5 thoughts on “At the end of the earth, plants – Prospect Cottage, Dungeness

  1. Great post Jack about a stunning garden. I first heard about it from a Monty Don article where he said “This is the single most inspirational and best produced book on gardening of any kind. It is the benchmark by which to measure all other illustrated gardening books.”

    https://www.theguardian.com/books/2003/may/13/bestbooks.houseandgarden

    There’s a lovely film about Prospect Cottage by Howard Sooley –

    Also, there used to be a clip on YouTube from an old Gardeners World interviewing Keith Collins about maintaining the garden since Derek died. It seems to have been removed for copyright reasons. Shame.

    I’ll go there one day – although it’s quite the trip from the North.

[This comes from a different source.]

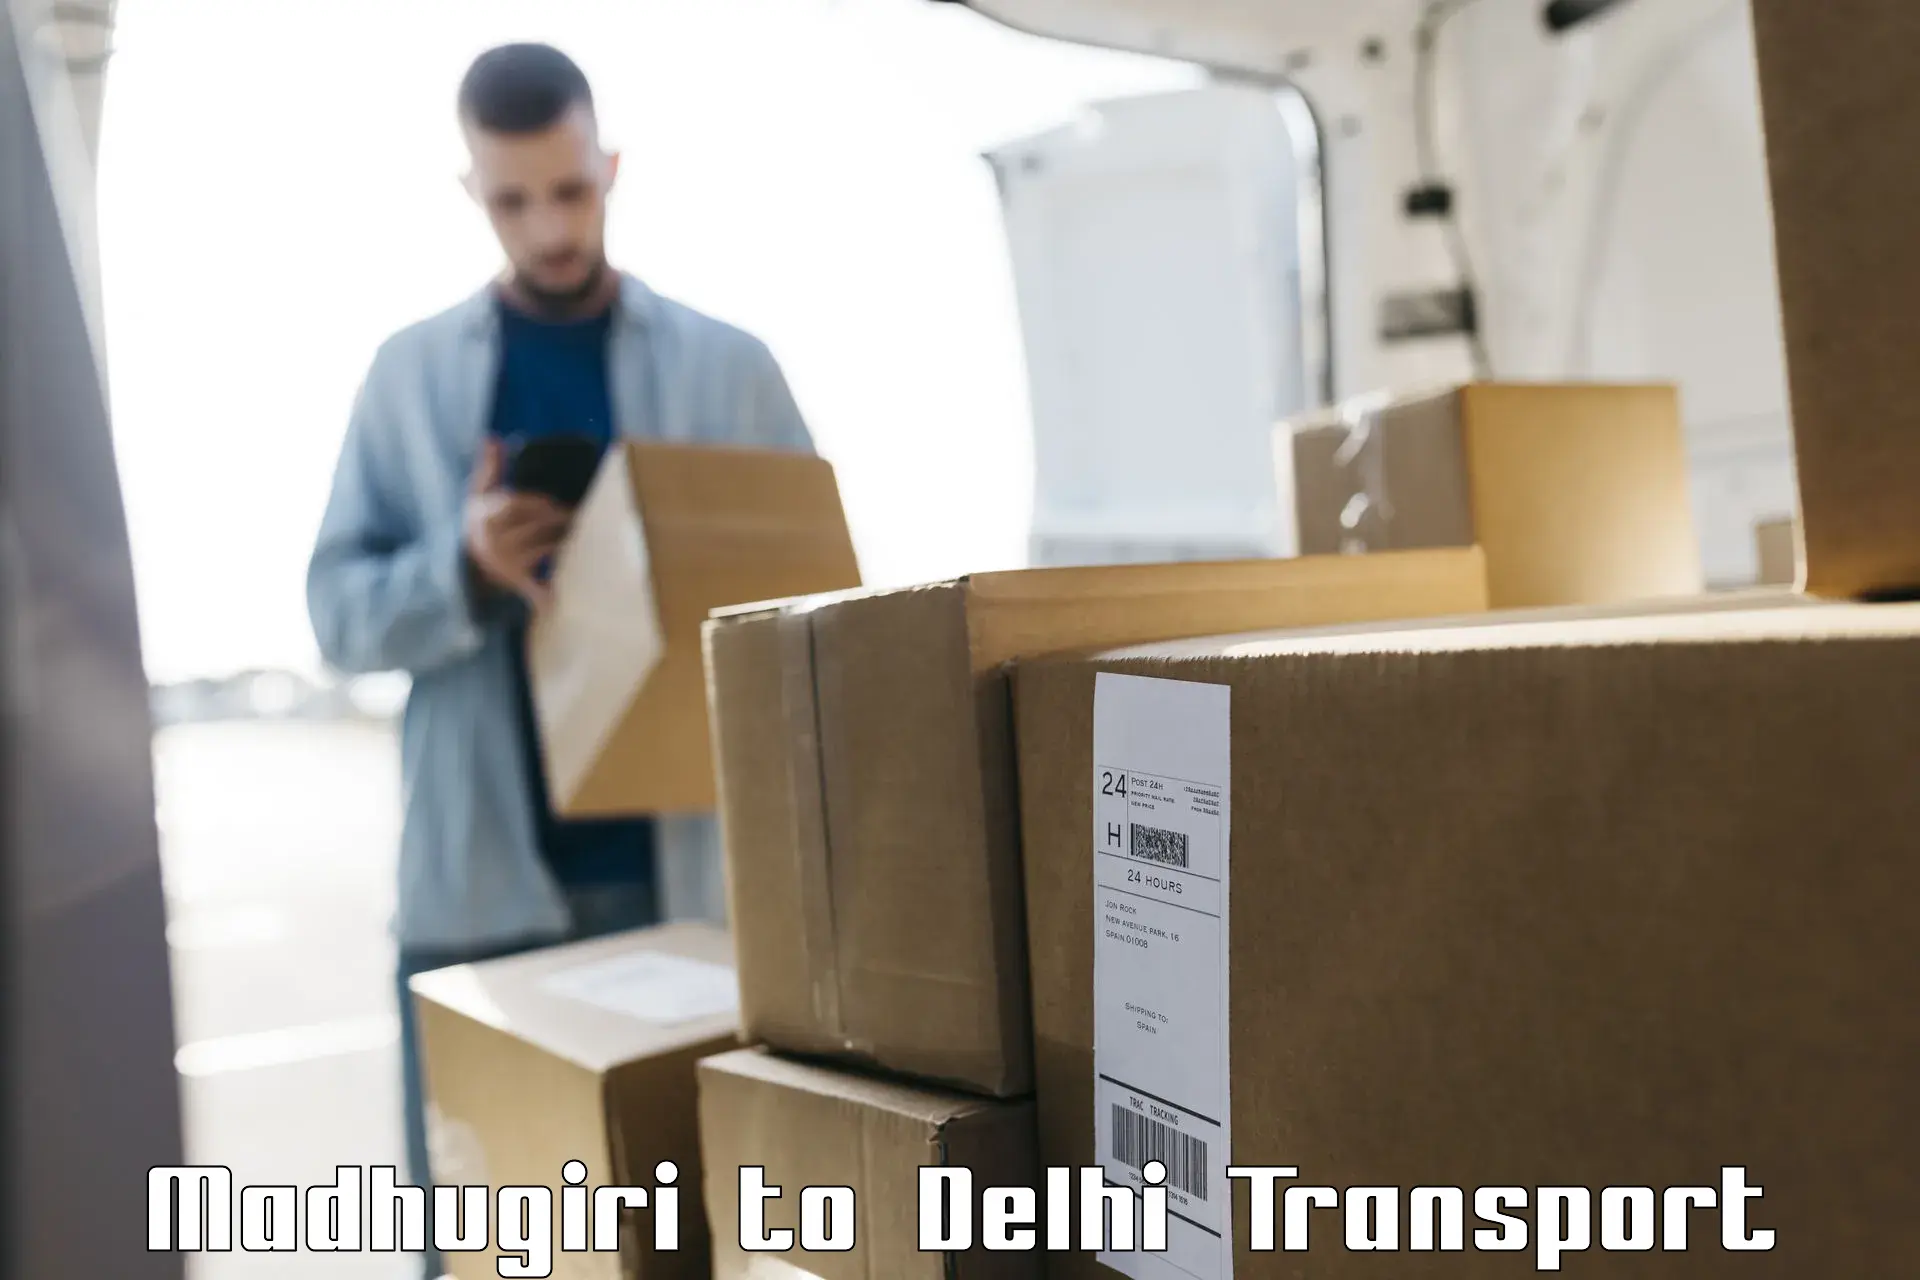 Interstate transport services Madhugiri to NIT Delhi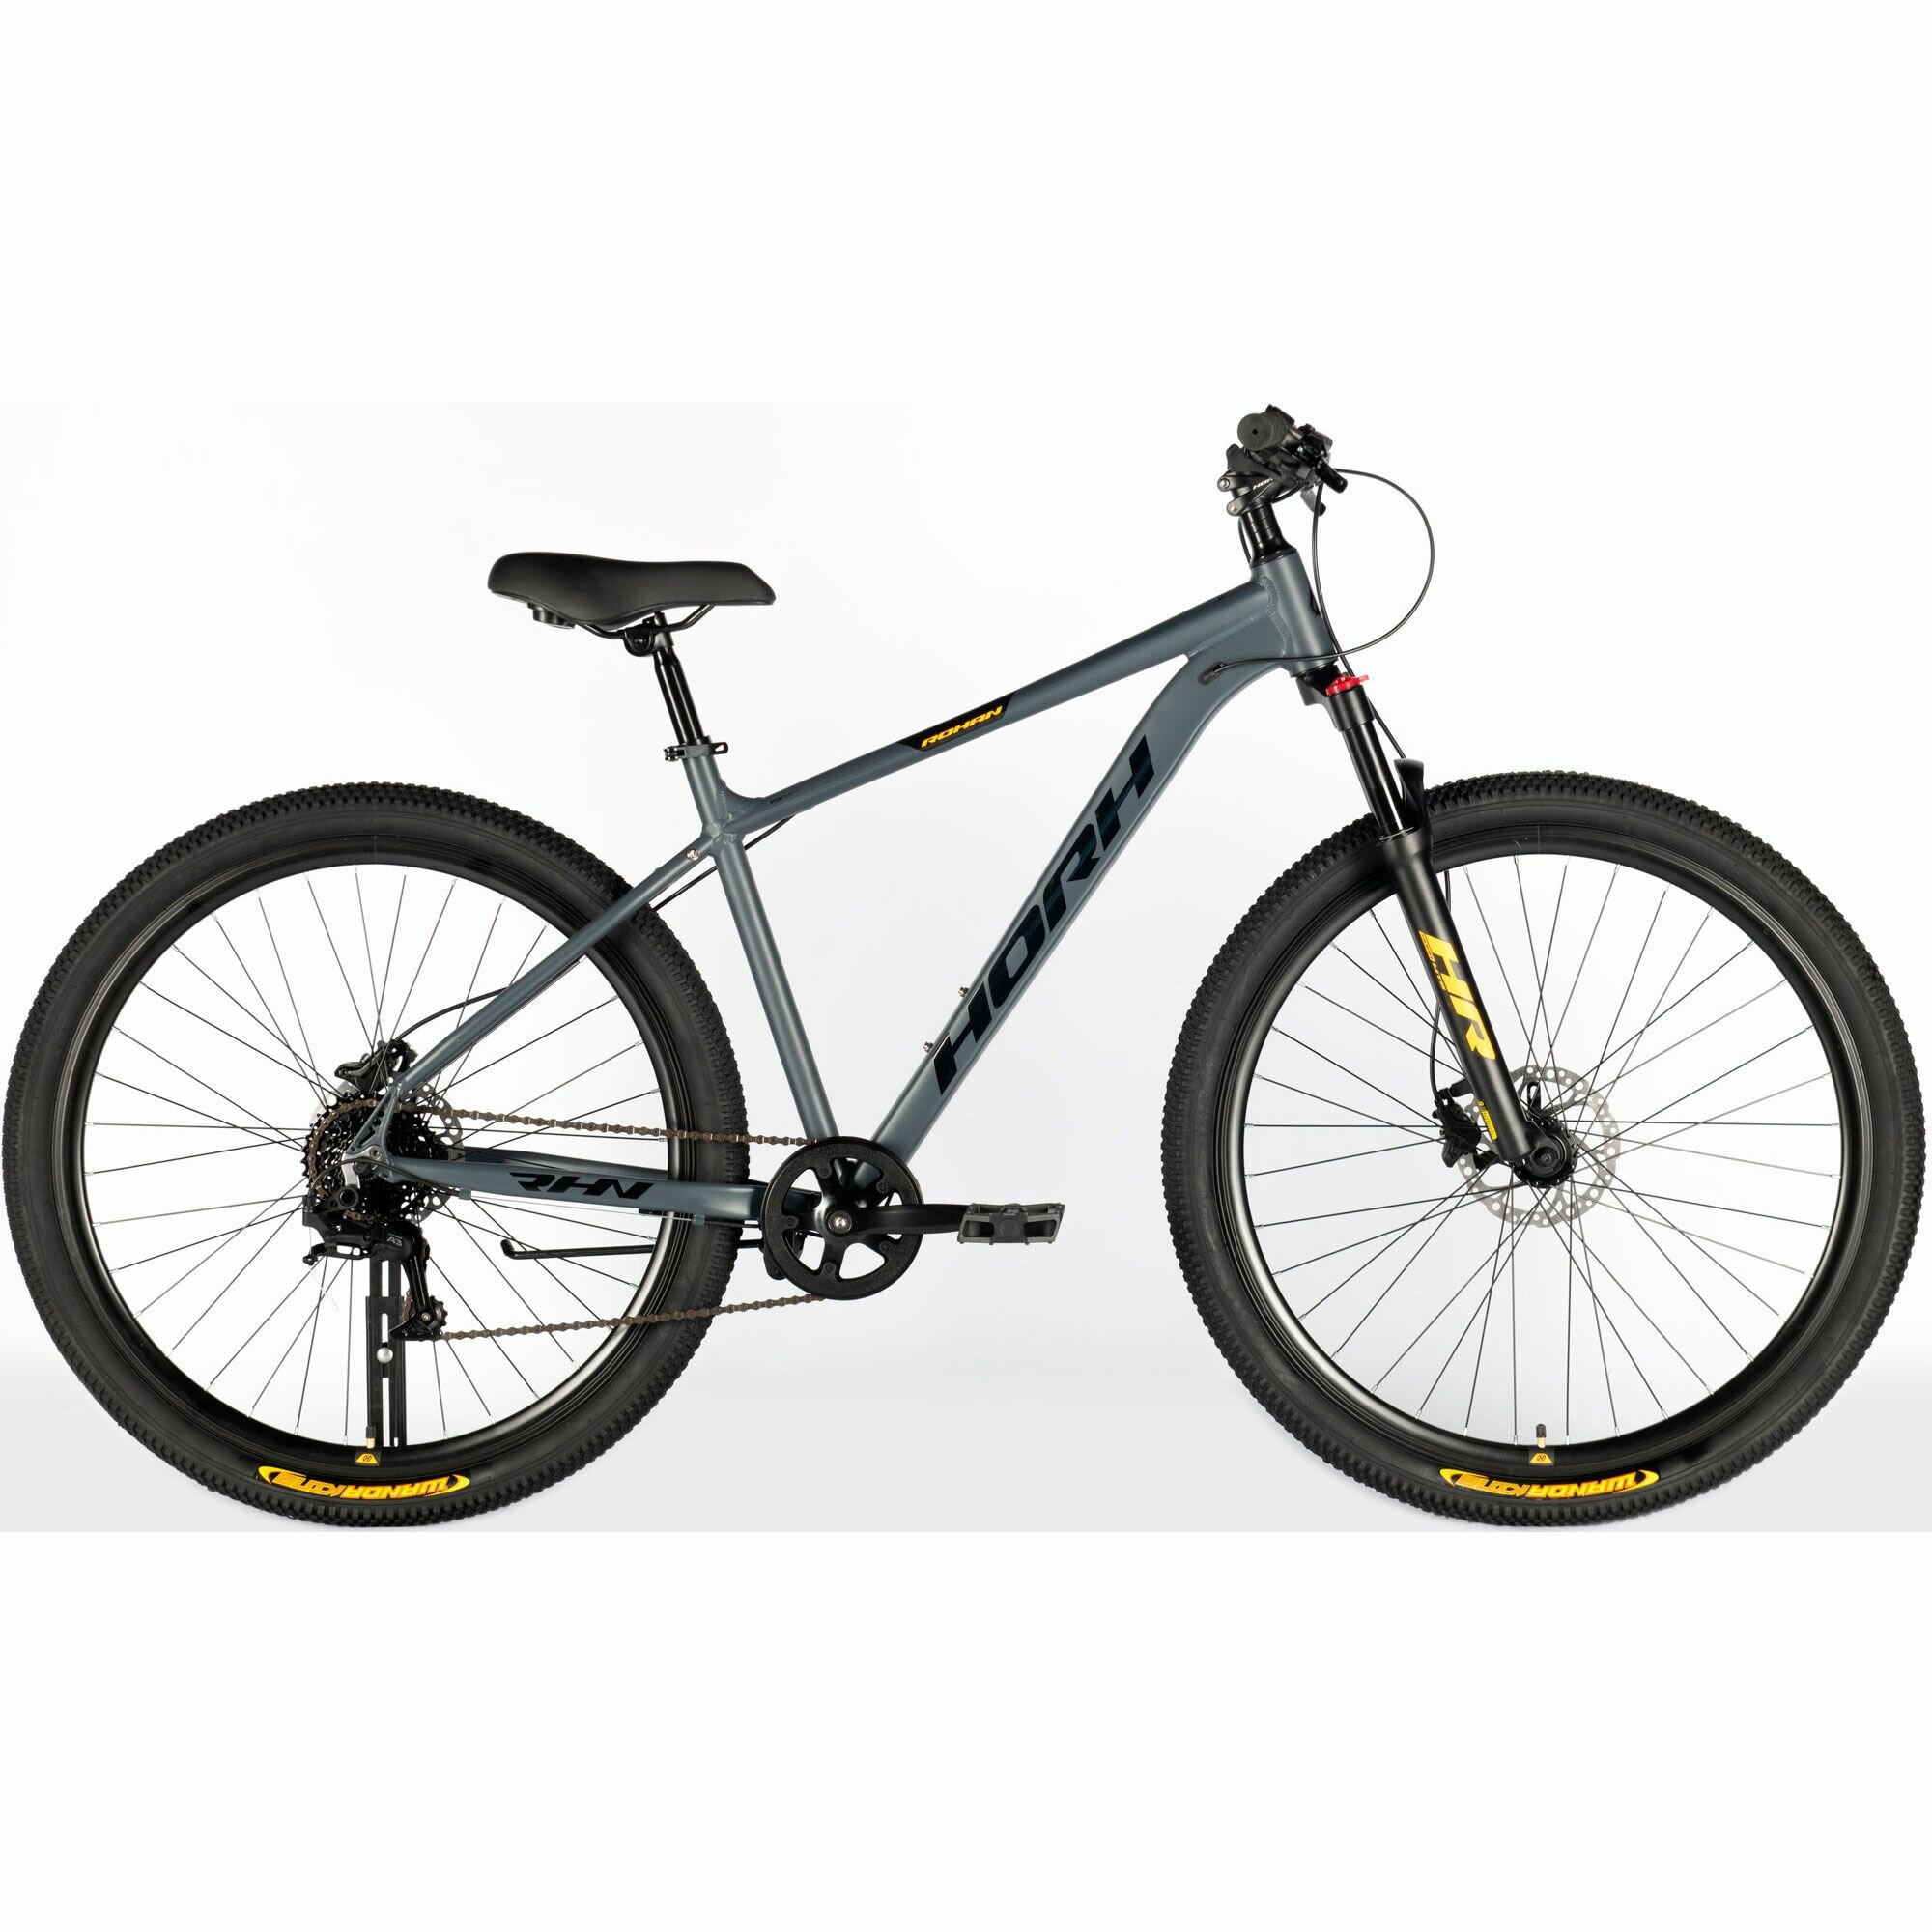 Велосипед горный HORH ROHAN RHD 9.1 29" (2024), хардтейл, взрослый, мужской, алюминиевая рама, 8 скоростей, дисковые гидравлические тормоза, цвет Dark Grey-Black-Yellow, серый/черный/желтый цвет, размер рамы 21", для роста 185-195 см

    1. Thanks Ian 🙂 Good old Monty, he really is one of our best gardeners on so many levels, I really agree with him on that point. I’d throw his own ‘Gardening at Longmeadow’ alongside personally as one of the best. I’ll have to watch that video later, very interesting.

      If it helps with the trip, there is so much to see around that area from Sissinghurst to Great Dixter, all close by and plenty more!

  2. Thanks for a lovely piece. When I went there years ago I could see it was something special and very beautiful and that was long before I know of Dan Pearson’s phrase “a sense of place” which I guess Jarman’s garden really does have.